____ SUPPLIED INFORMATION
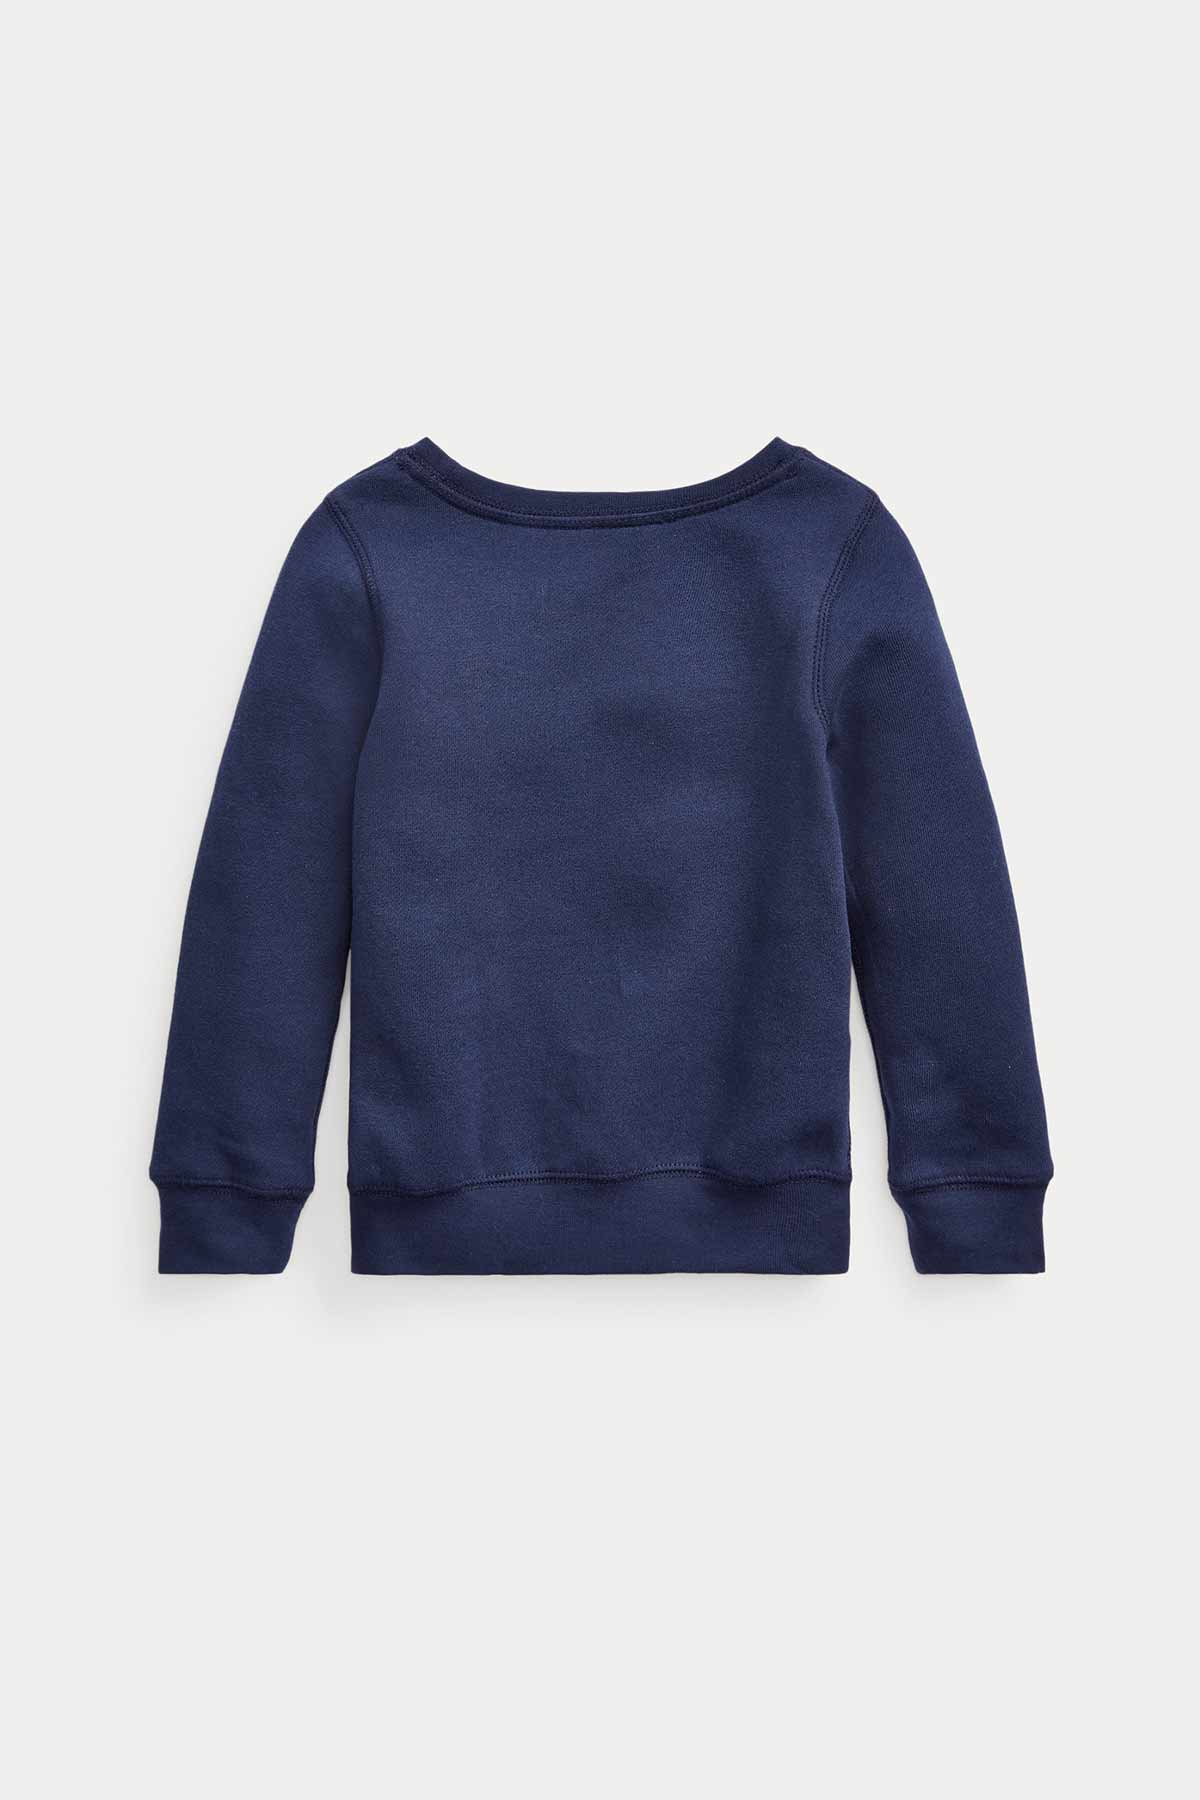 Polo Ralph Lauren 5-6.5 Yaş Kız Çocuk Polo Bear Sweatshirt-Libas Trendy Fashion Store
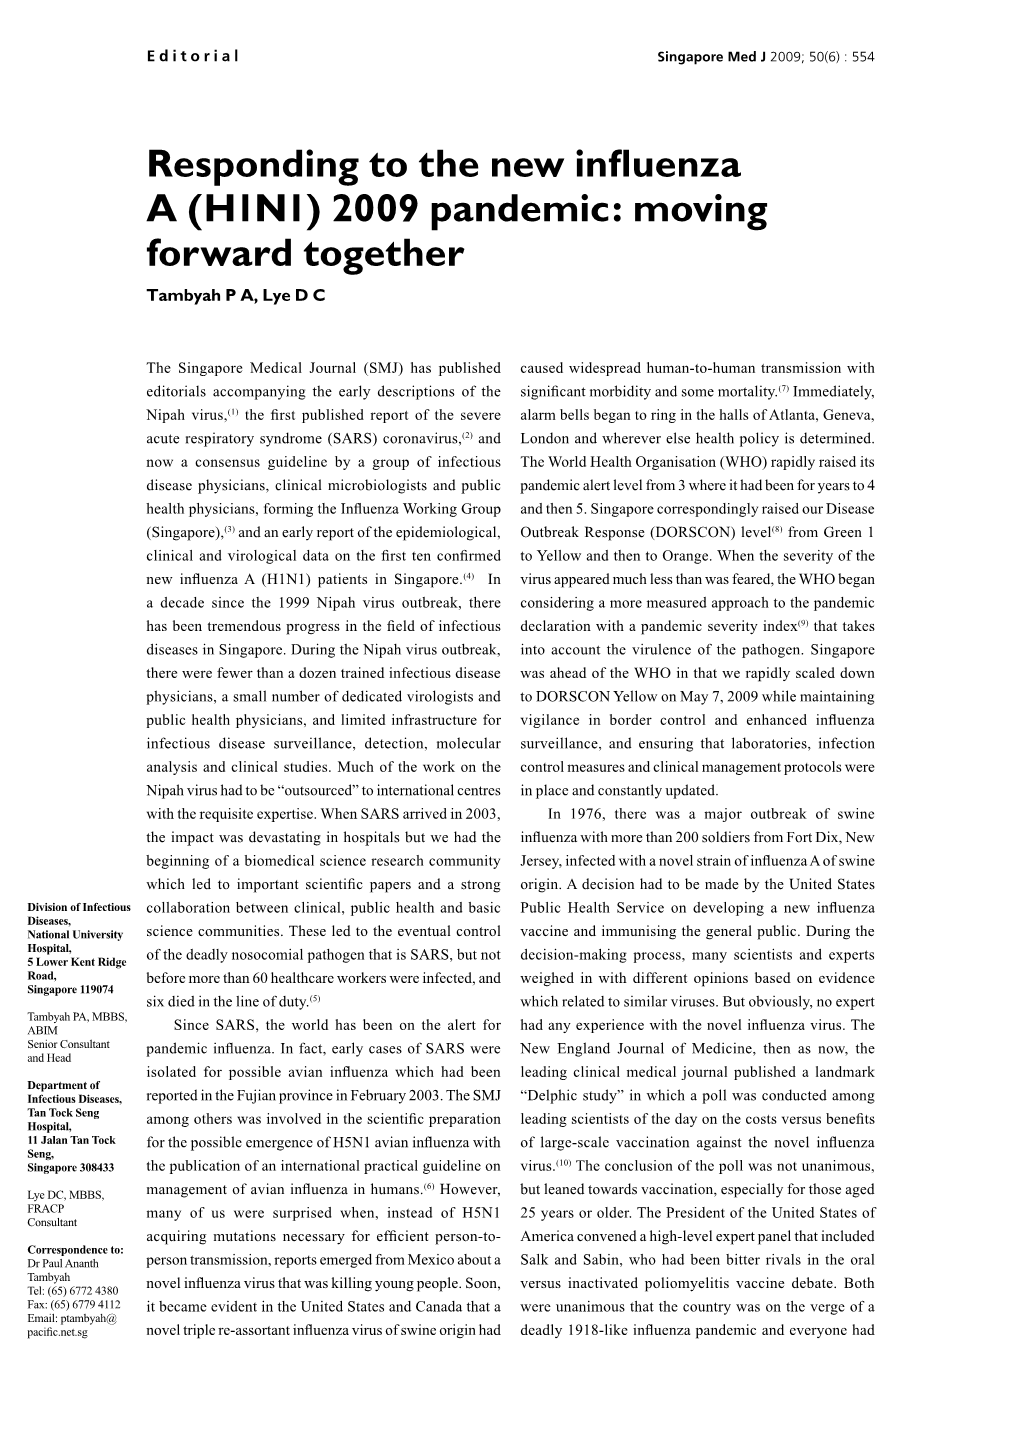 (H1N1) 2009 Pandemic: Moving Forward Together Tambyah P A, Lye D C
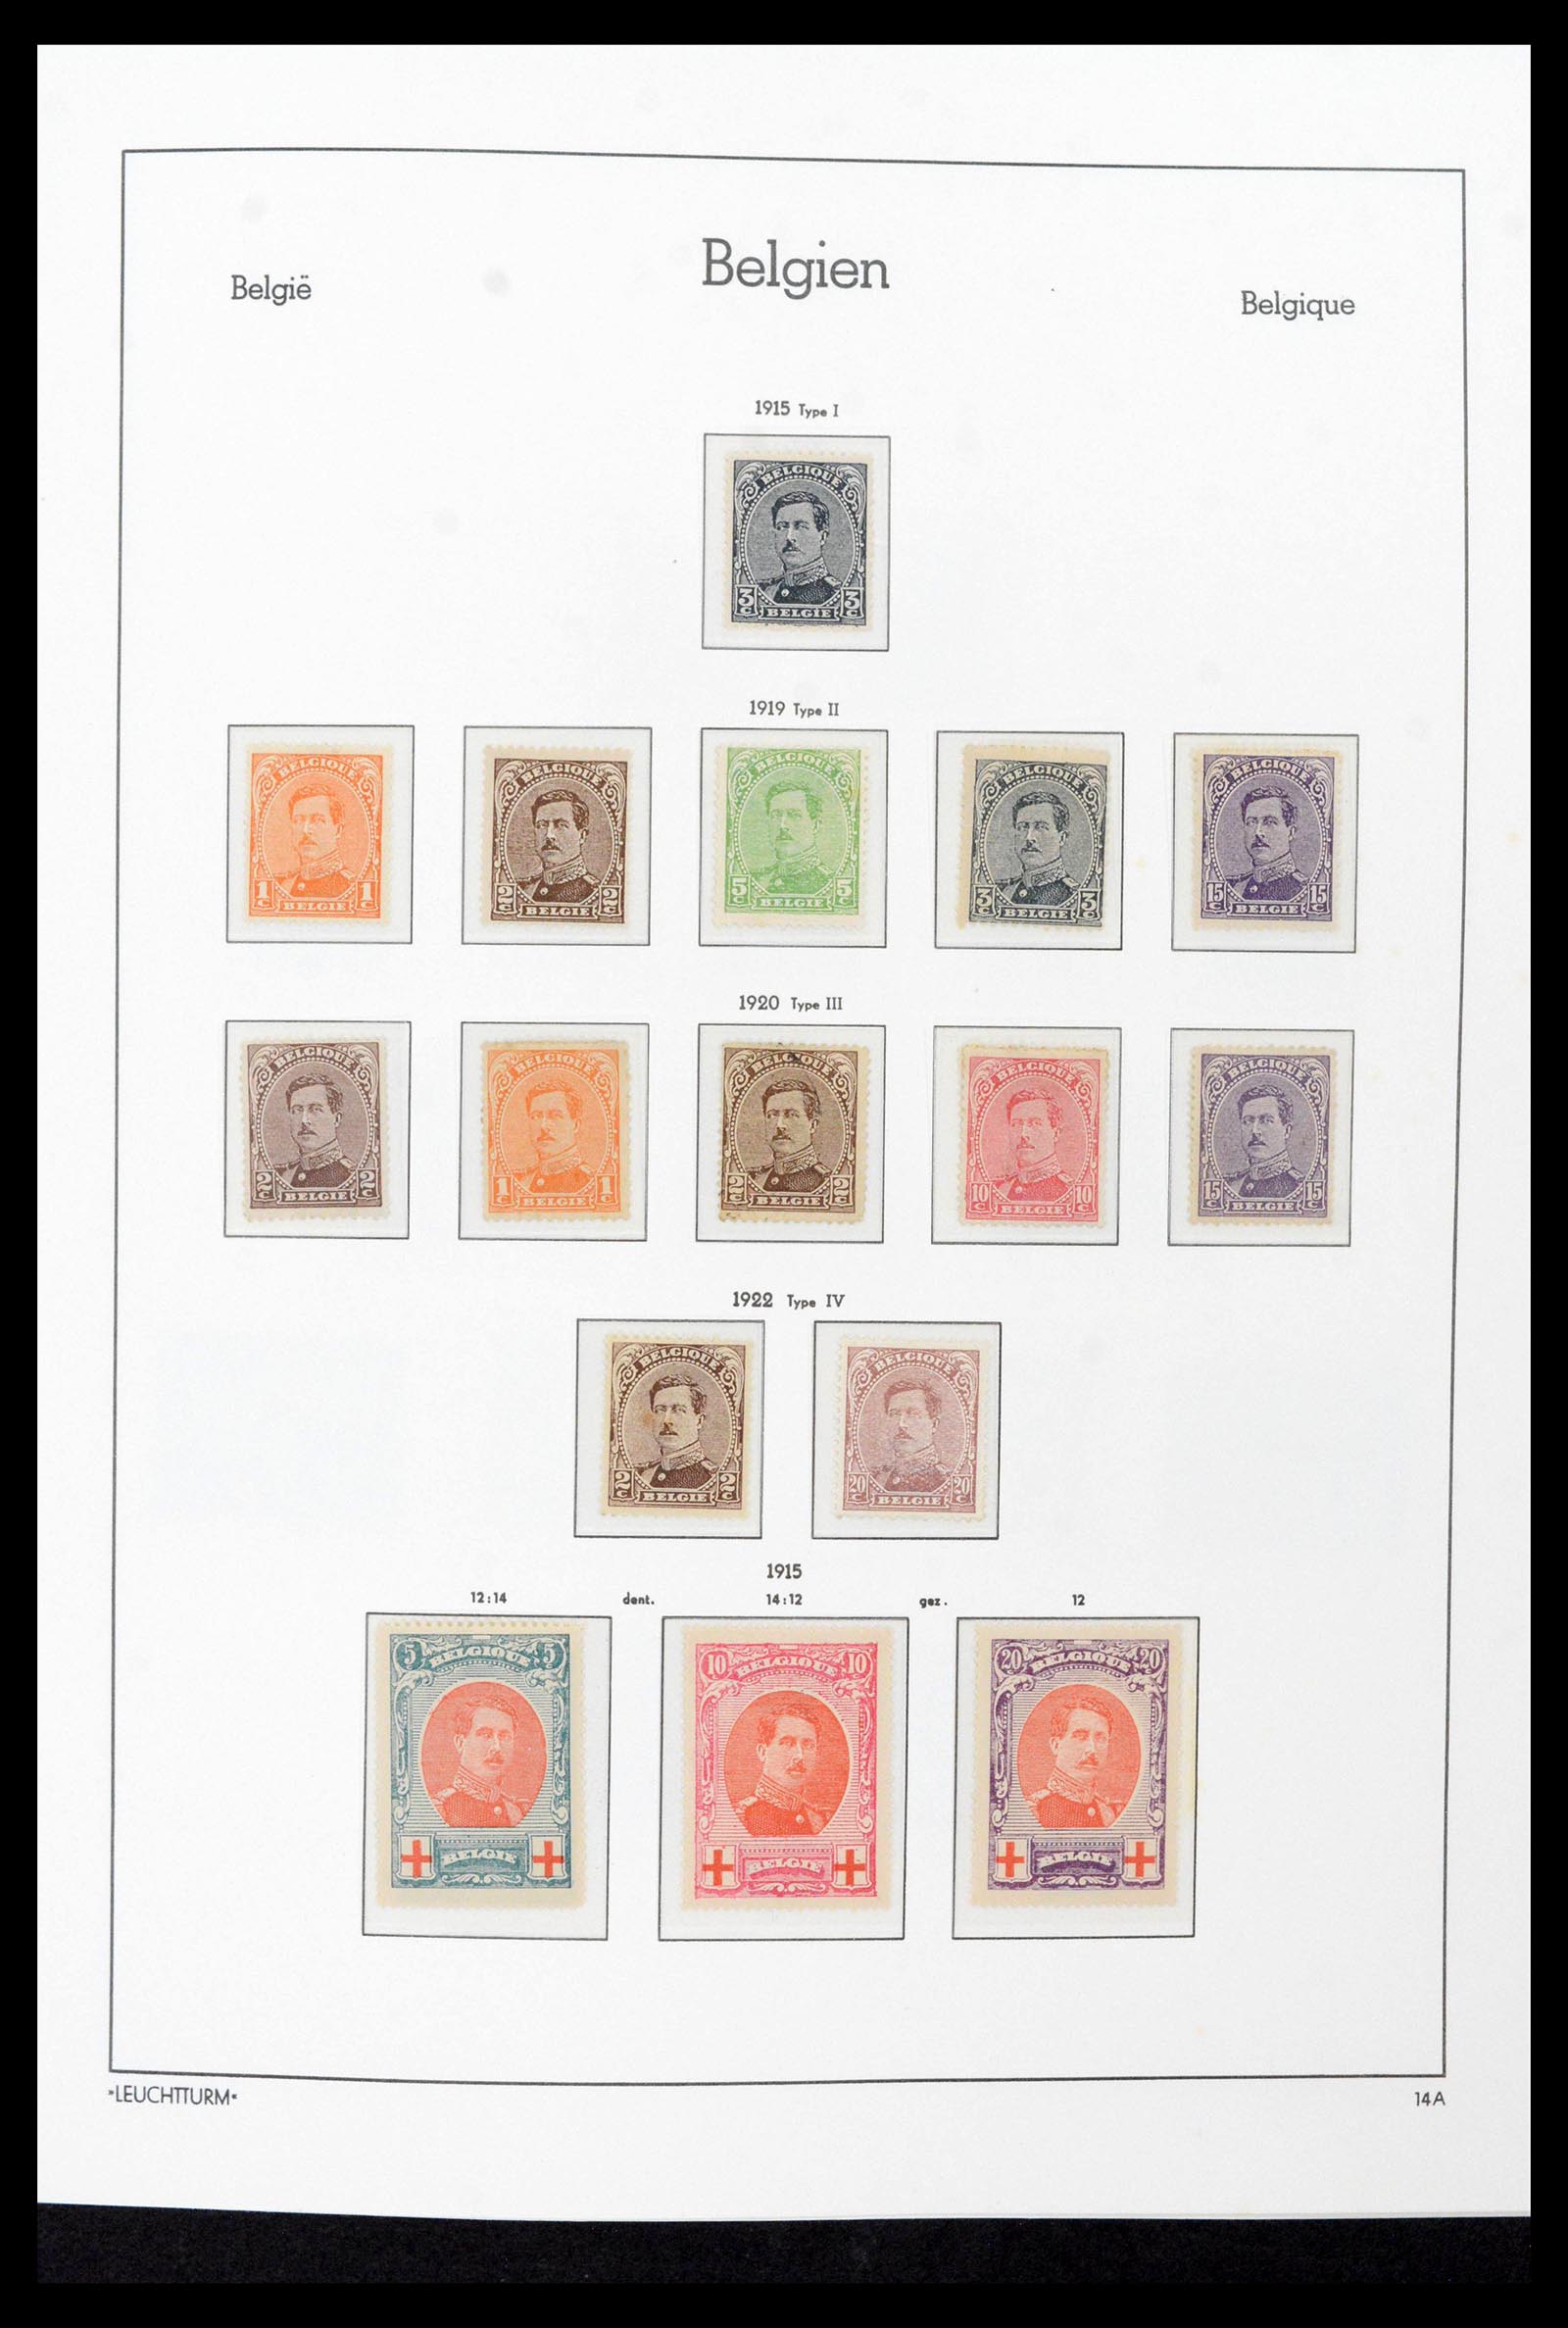 39137 0020 - Stamp collection 39137 Belgium 1849-2002.
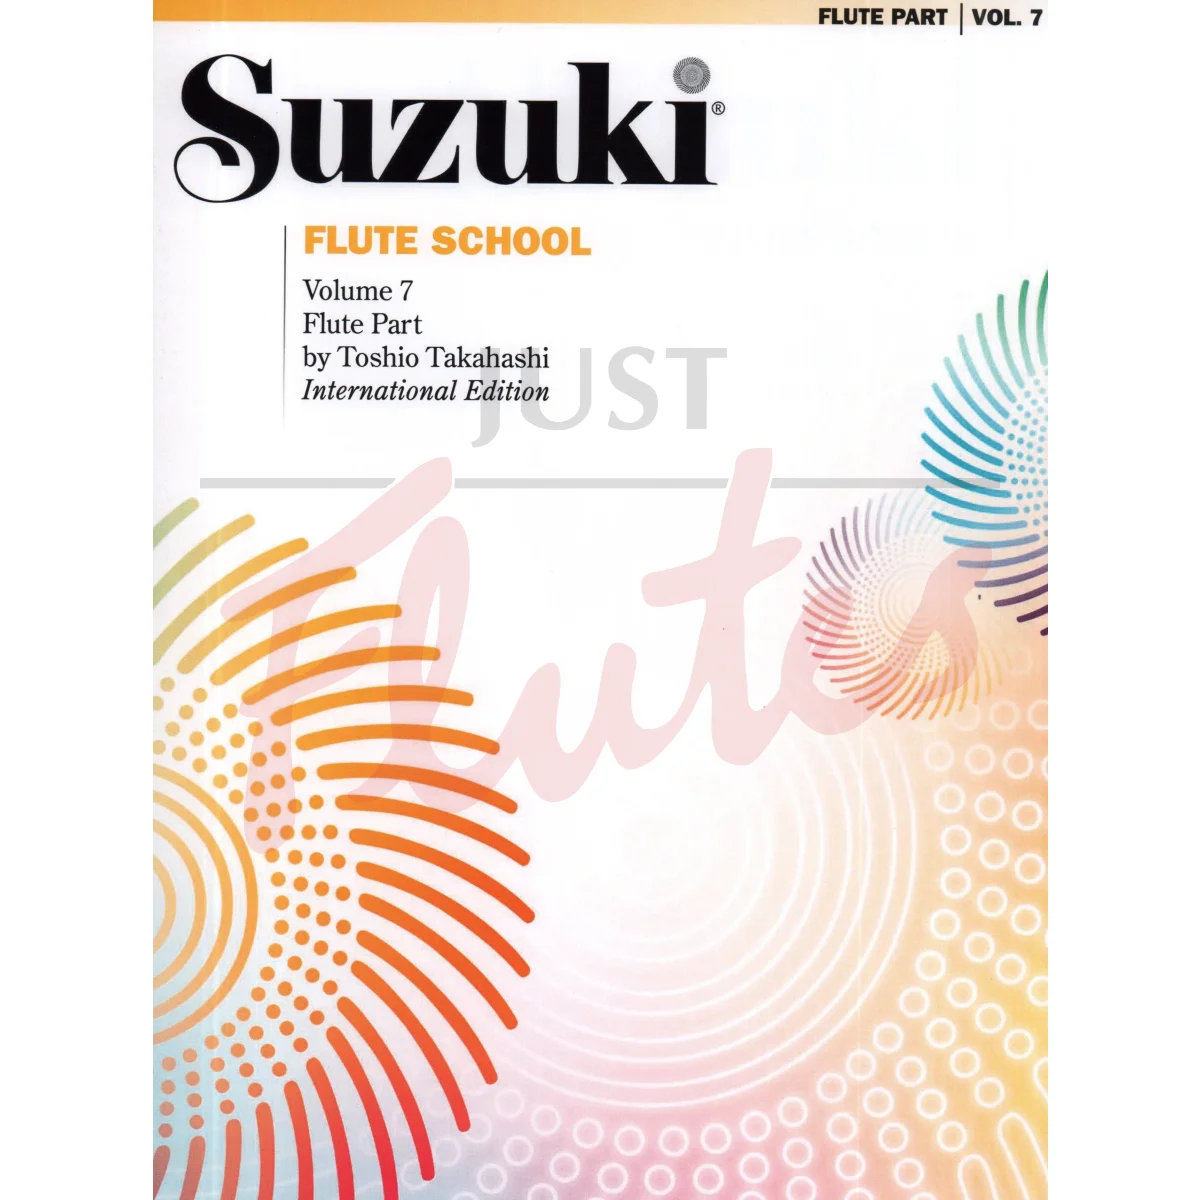 Suzuki Flute School Vol 7 (International Edition) [Flute Part]
________
- WHAT YOU HAVE TO DO: Going from the line with "39137 0020 - Stamp" to the last line of the listing, write out each line exactly and nothing else. Leave out all pictures.

- REPLY TO THE TASK:
 39137 0020 - Stamp collection 39137 Belgium 1849-2002.
 Suzuki Flute School Vol 7 (International Edition) [Flute Part]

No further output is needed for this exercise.